5. Penyelesaian, yaitu tahap penyelesaian atau jalan keluar dari konflik yang mencapai klimaks dengan mengendorkan ketegangan dan mengakhiri cerita.

1.6.1.3 Latar

  Dalam penelitian ini analisis latar digunakan untuk menganalisis bagaimana tempat-tempat yang dilukiskan dalam novel Gemblak. Latar adalah tempat dan masa terjadinya peristiwa. Latar disebut juga setting merupakan elemen fiksi yang menunjukkan kepada kita di mana dan kapan kejadian-kejadian dalam cerita berlangsung (Sayuti, 2000: 126).

  Menurut Nurgiyantoro (2005: 216), sebuah cerita dibangun oleh unsur latar karena pelukisan latar dapat membantu pembaca dalam memahami jalannya cerita dan keberadaan tokoh sebuah novel. Latar atau setting disebut sebagai landasan tumpu yang menyaran pada pengertian tempat, hubungan waktu, dan lingkungan tempat terjadinya peristiwa-peristiwa yang diceritakan (Abrams via Nurgiyantoro,

  Peristiwa-peristiwa di dalam cerita tentulah terjadi pada suatu waktu atau di dalam suatu rentang waktu tertentu dan pada suatu tempat tertentu. Secara sederhana dapat dikatakan bahwa segala keterangan, petunjuk, pengacuan yang berkaitan dengan waktu, ruang, dan suasana terjadinya cerita dalam suatu karya sastra membangun latar cerita.

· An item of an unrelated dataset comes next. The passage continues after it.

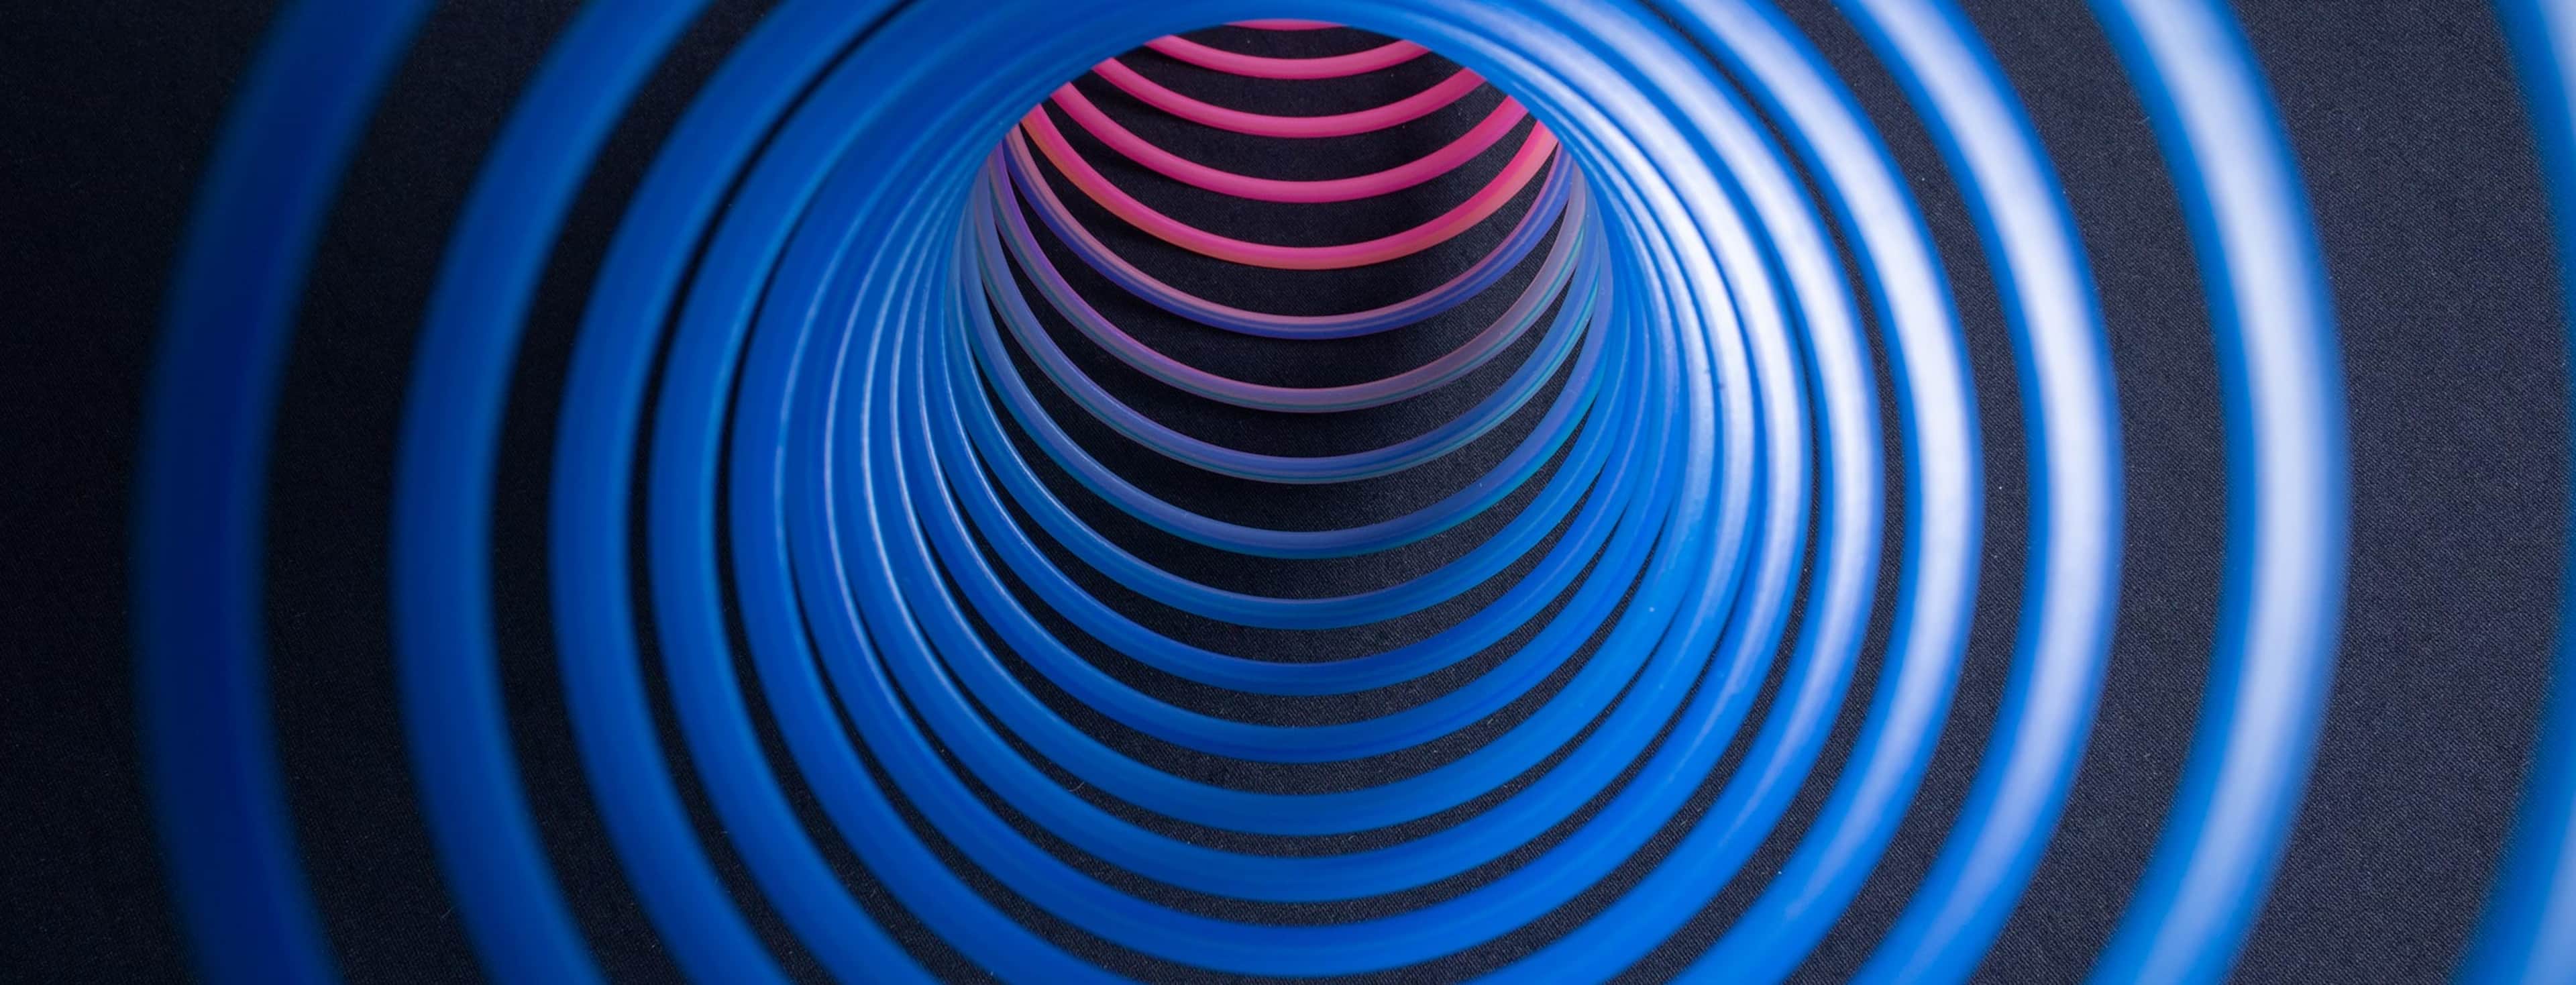 Blue spiral image

  Sebuah cerita dibangun oleh unsur latar karena pelukisan latar dapat membantu pembaca dalam memahami jalannya cerita dan keberadaan tokoh sebuah novel. Latar memberikan pijakan cerita secara konkrit dan jelas untuk memberikan kesan realitas kepada pembaca sehingga bisa menciptakan suasana tertentu yang seolah-olah sungguh ada dan terjadi (Nurgiyantoro, 2005: 217).